━━━━━ Collected material ━━━━━
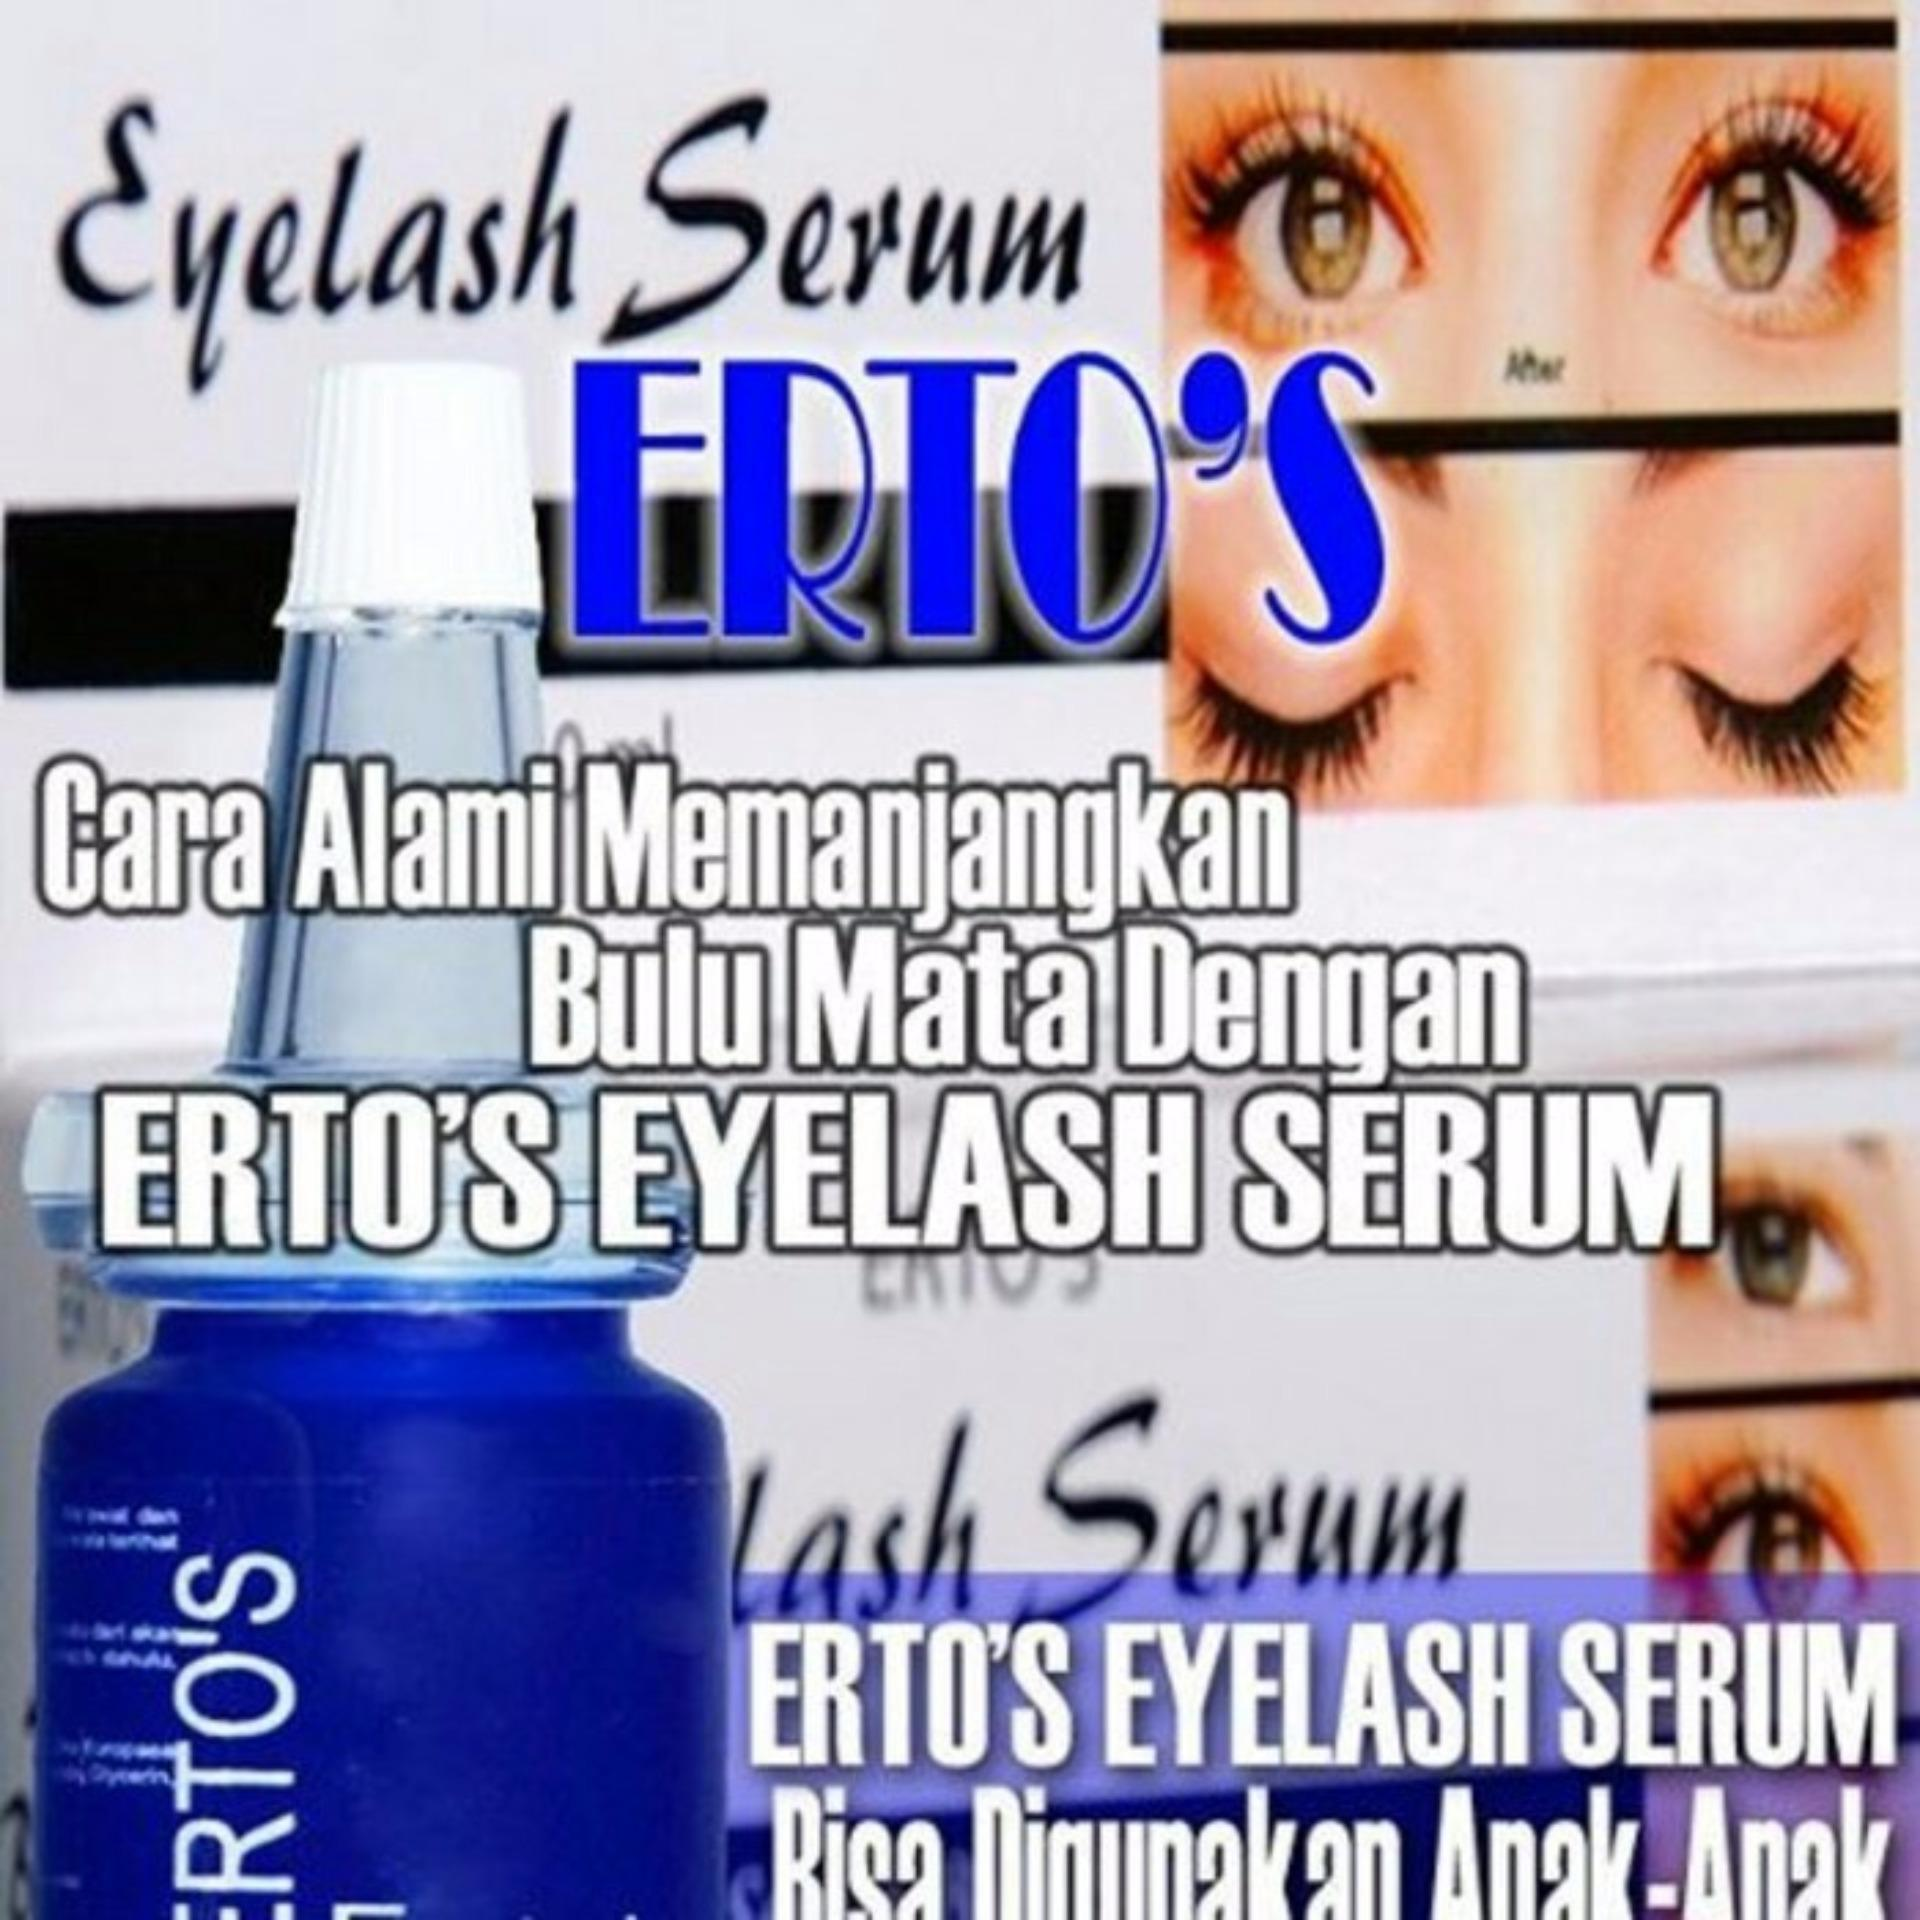 Cari Bandingkan Ertos Eyelash Serum Pelentik Bulu Mata Harga Penawaran Pelebat Vitamin
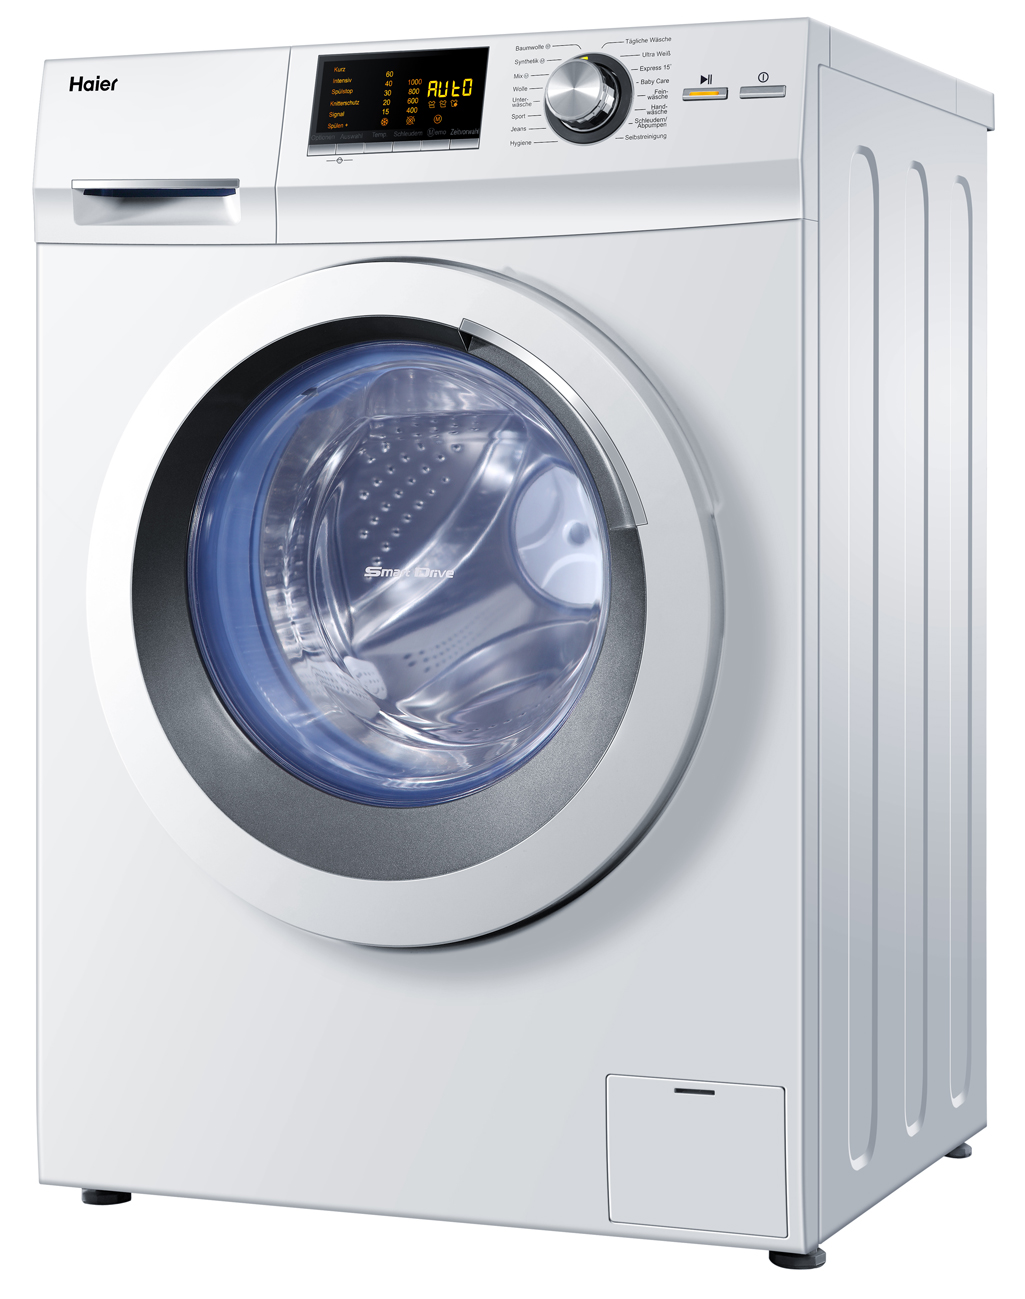 waschmaschine funktion m bel design idee f r sie. Black Bedroom Furniture Sets. Home Design Ideas
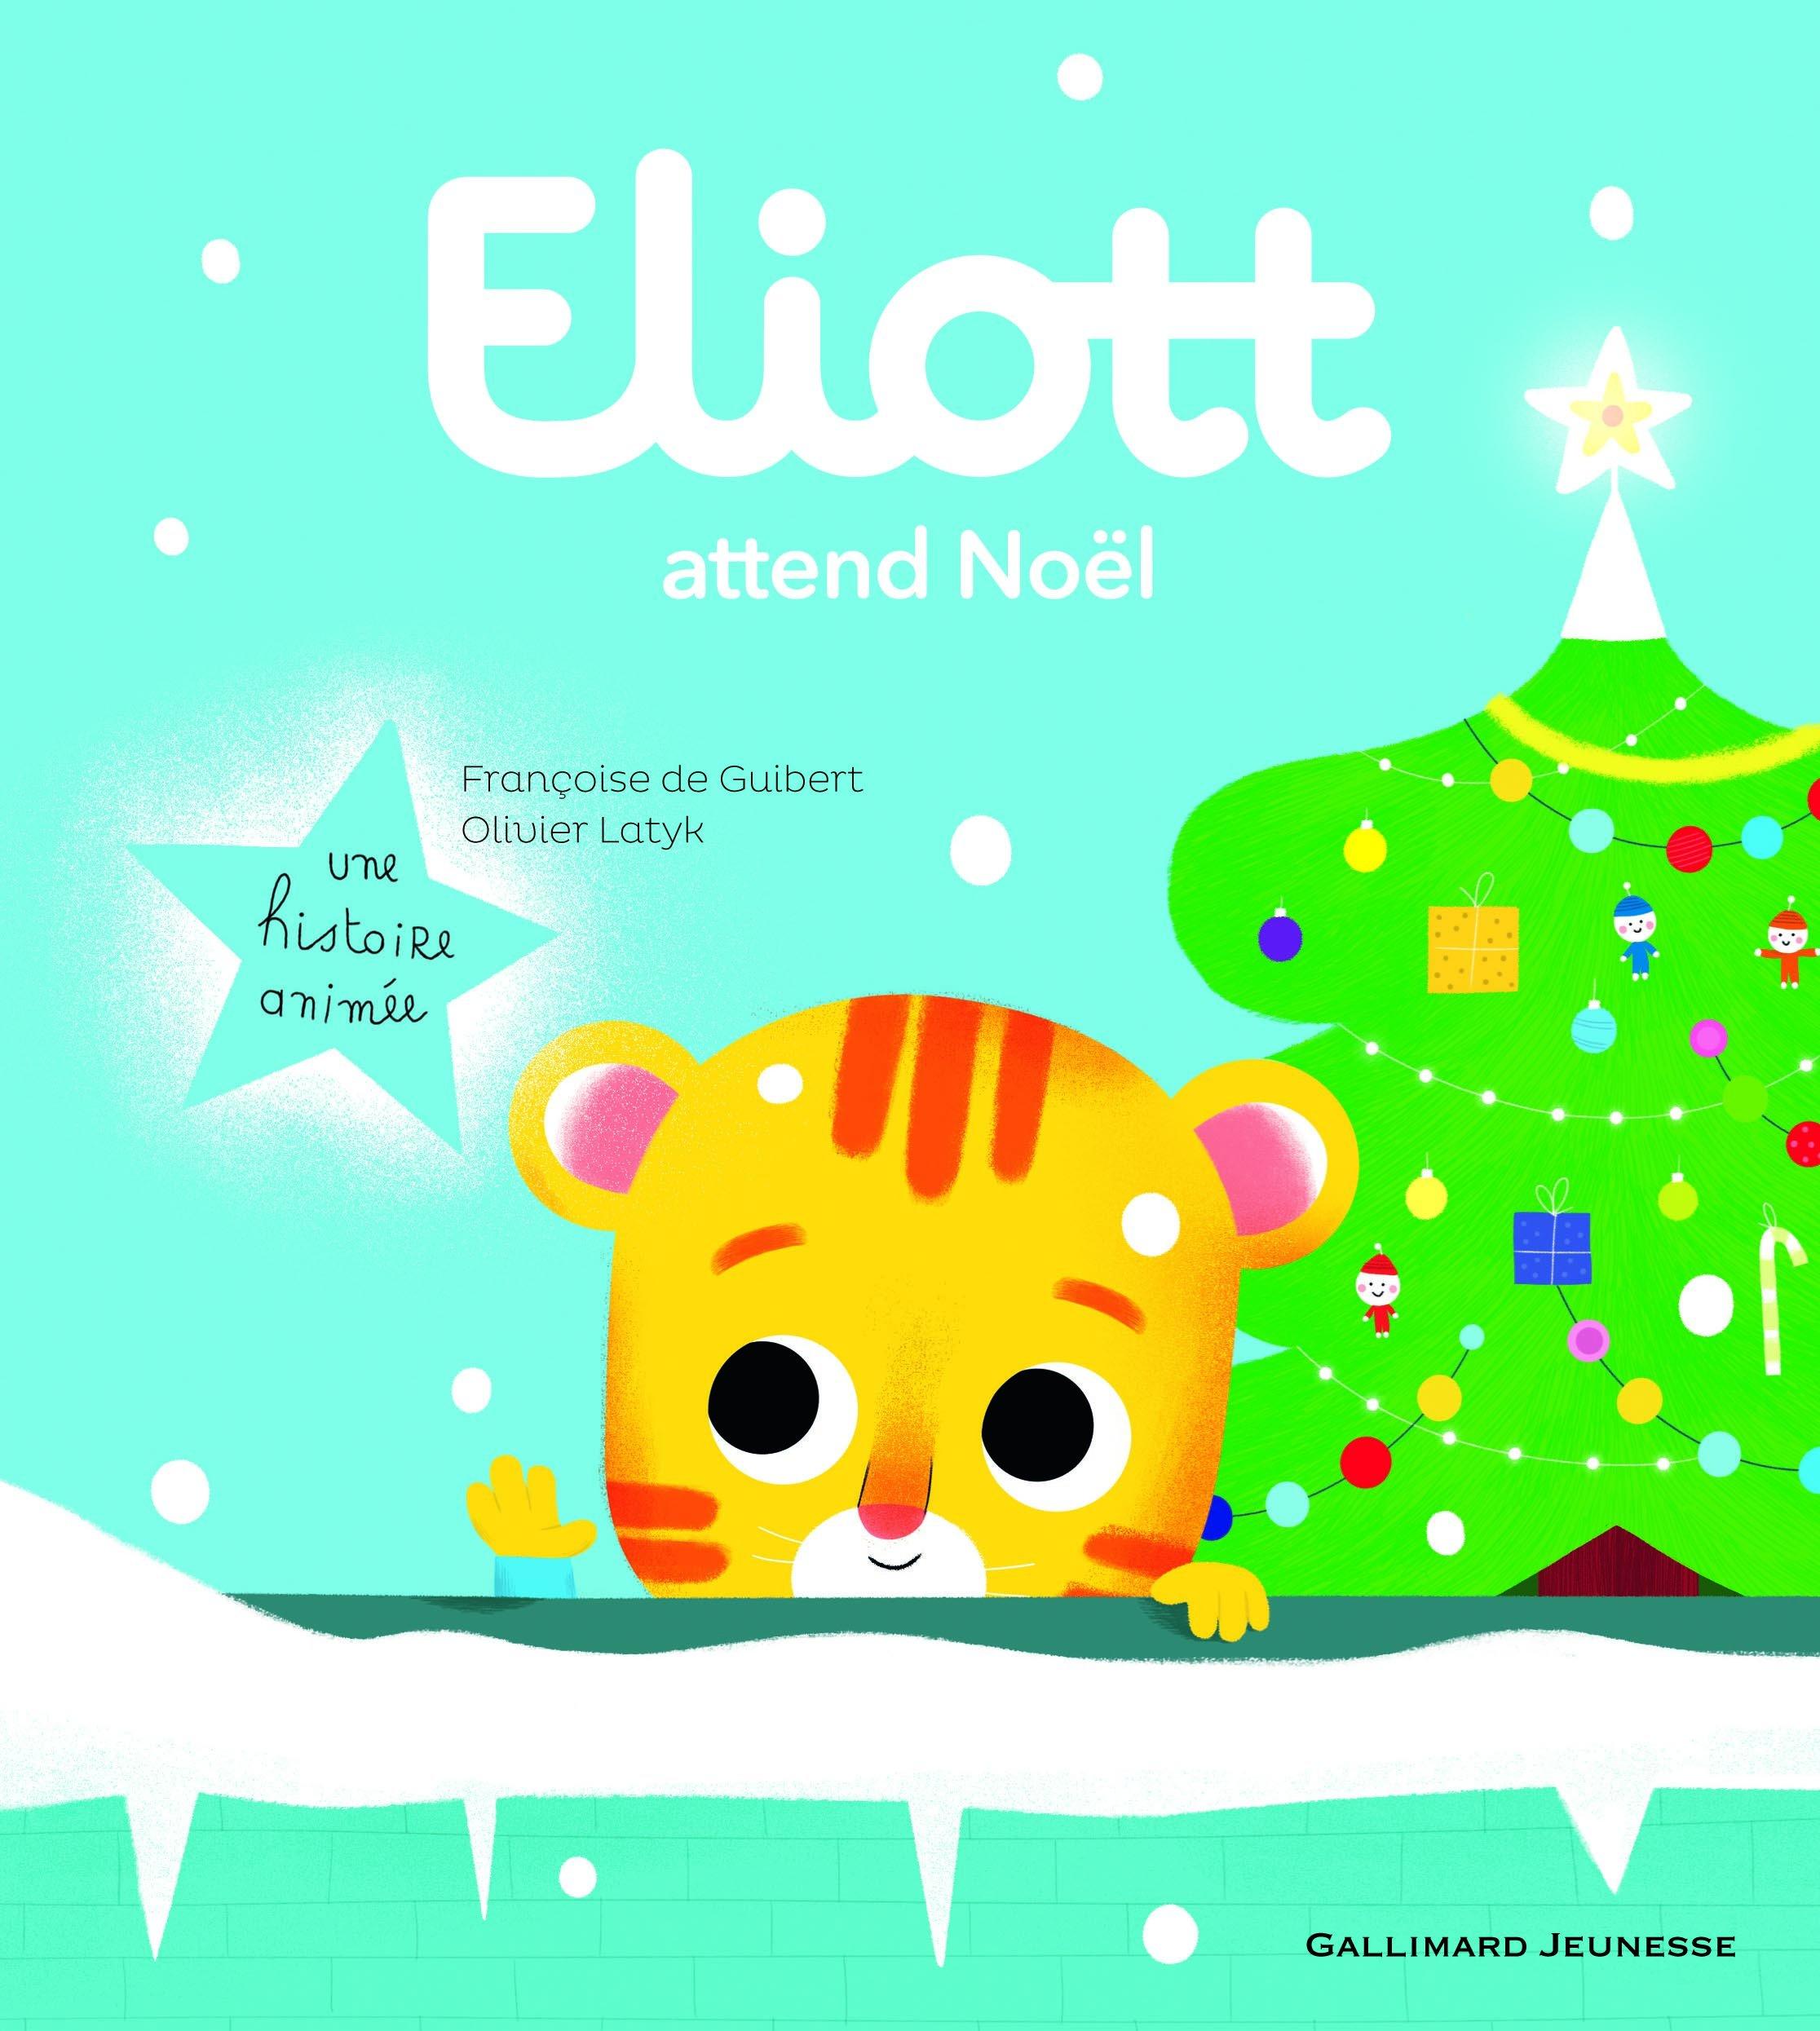 Eliott attend Noël
━━━━━
— Work request —
Please restate exactly the lines from the one containing "waschmaschine funktion m" down to the end of the material, both ends kept, and do not include the pictures.

— Answer —
 waschmaschine funktion m bel design idee f r sie. Black Bedroom Furniture Sets. Home Design Ideas
 Eliott attend Noël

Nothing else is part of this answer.